Yanking back the covers she gasped at her findings and looked up at Kevin as he caught her up. There, lying on the dusty floor in front of them in the dying light of the day, was Michael Palin. He was breathing, but heavily sedated, and Sam motioned for the ambulance team behind them to come forward and start treating the patient immediately.

The back up teams and snipers had all been in position for at least ten minutes now, but no one had reported any movement from the main building. The missing red truck had been recovered from the back of the station and all exits were watched as Sam and Kevin crept closer to the building, fully armed and bullet proofed up to the eyeballs.

A car swung into the lot and four men and a woman leapt free of it, just in time to watch Michael being put into an ambulance, and Sam glanced back at them with astonishment. She made out the figures of Eric, John and Graham before her, but would question how they escaped protection as soon as she had Annabel in custody.

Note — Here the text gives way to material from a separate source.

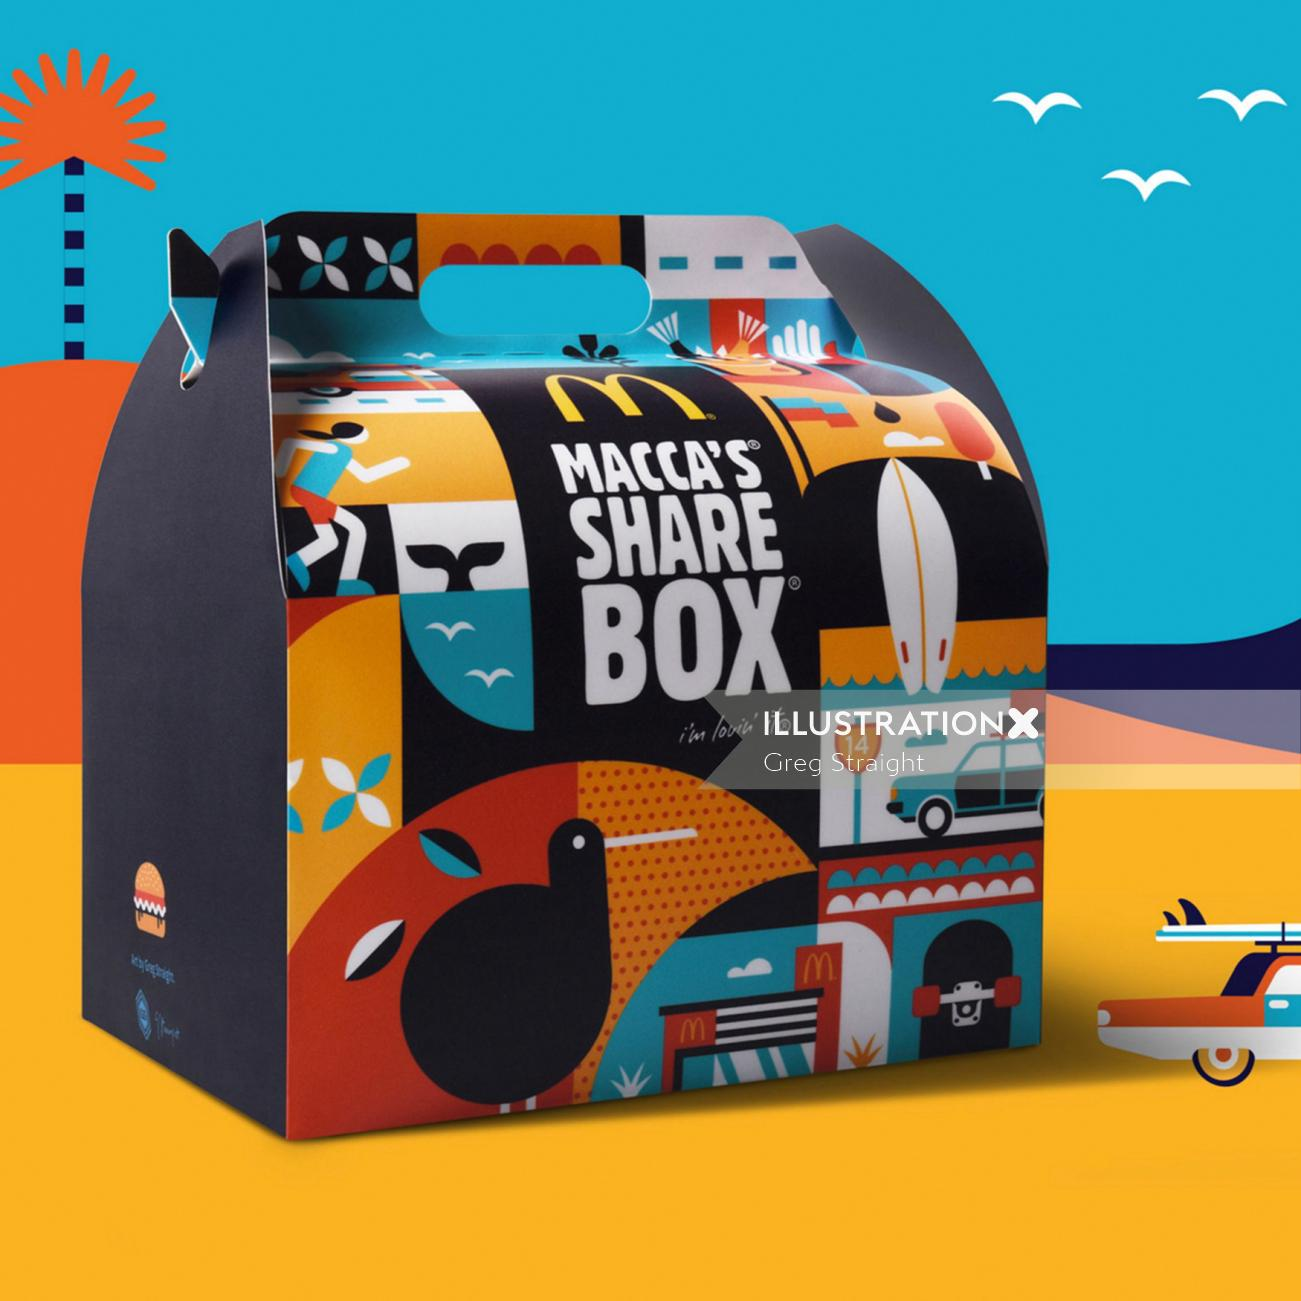 Conceptual illustration on box

She motioned for the teams to move in and they burst into the station at once, disappearing from view as everyone outside held their breath and waited impatiently for anything.

It wasn’t long before Sam reappeared and motioned for another ambulance unit to come inside, and it wasn’t long after that that Annabel, complete with respirator and stretcher and handcuffs to match, was escorted outside and into another ambulance, and everyone watched with awe as three policemen got into the vehicle with her and it sped off into the night.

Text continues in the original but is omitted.